The trick with ratatouille is to have fresh ingredients (yay CSA and Farmer’s Market) and to add such ingredients in the right order. And to have lots and lots of oil in your pan.

LOTS OF oil.
In a hot pan (for size convenience I used my wok) you put a lo of olive oil, but be careful it does not start smoking. First the onions, fried for a couple minutes. Then the eggplant, well cooked (like three or four minutes). Tomatoes, which should have had a pinch of sugar or stevia in order to remove some of their acidity, cooked through. Last but not least, zucchini, peppers and garlic.

You cook it on a large fire for a couple minutes, until everything is just starting to get mushy, then you lower the fire and let it cook for an hour. Salt and pepper and thyme for taste.

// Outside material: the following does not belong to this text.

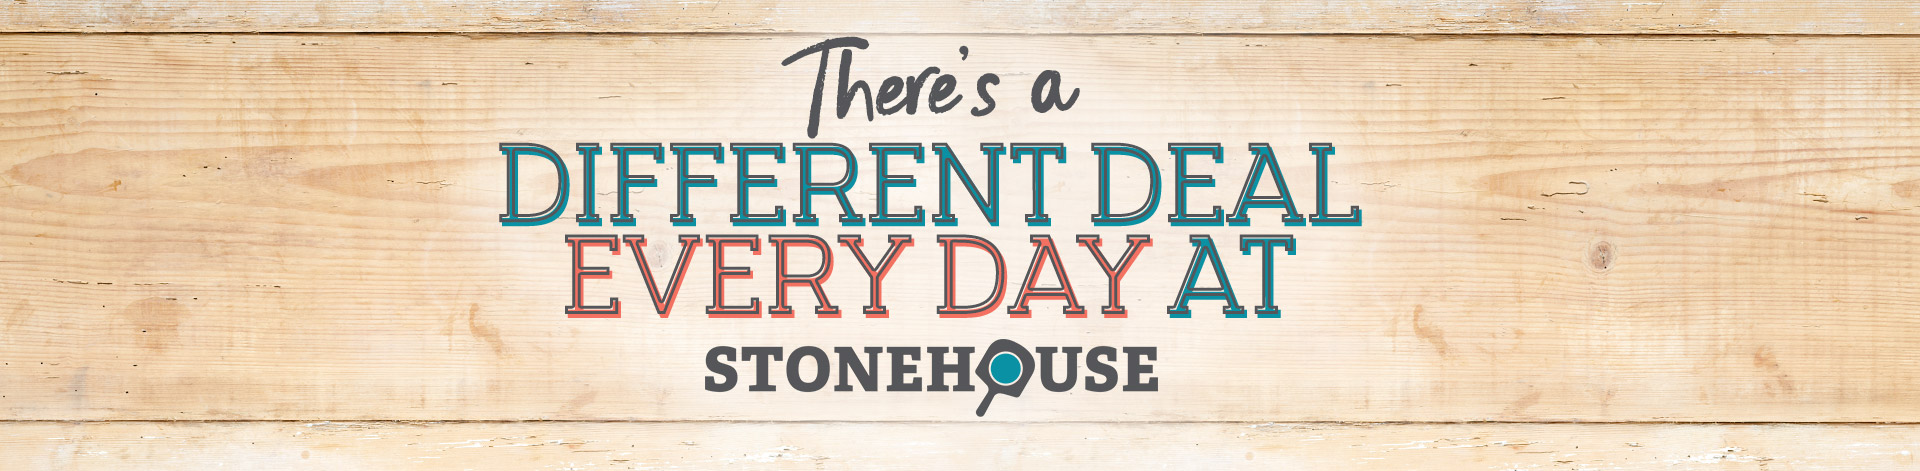 stonehouse-offers-dailydeals-banner.jpg

Make sure to taste it, otherwise you’ll have a bunch of vegetables and no flavor.

Apparently my tomatoes were not red enough.


3 thoughts on “Ratatouille

    • By CO you mean coconut oil? I’d also reccomend avocado oil, although you don’t reach that much high temperature when cooking it. But you do need a lot, both eggplant and zucchini are known for being massive absorbants so the oil diminishes quite quickly. French cooking is known more for its use of herbs rather than hot spices: sage, tarragon, oregano, etc, but I think the further south you go (closer to the Mediterranean Sea) the spicier the food gets.

  1. If you want to reduce the amount of oil try salting the eggplant and let it “sweat” for at least 30 min… you also get rid of the bitter taste.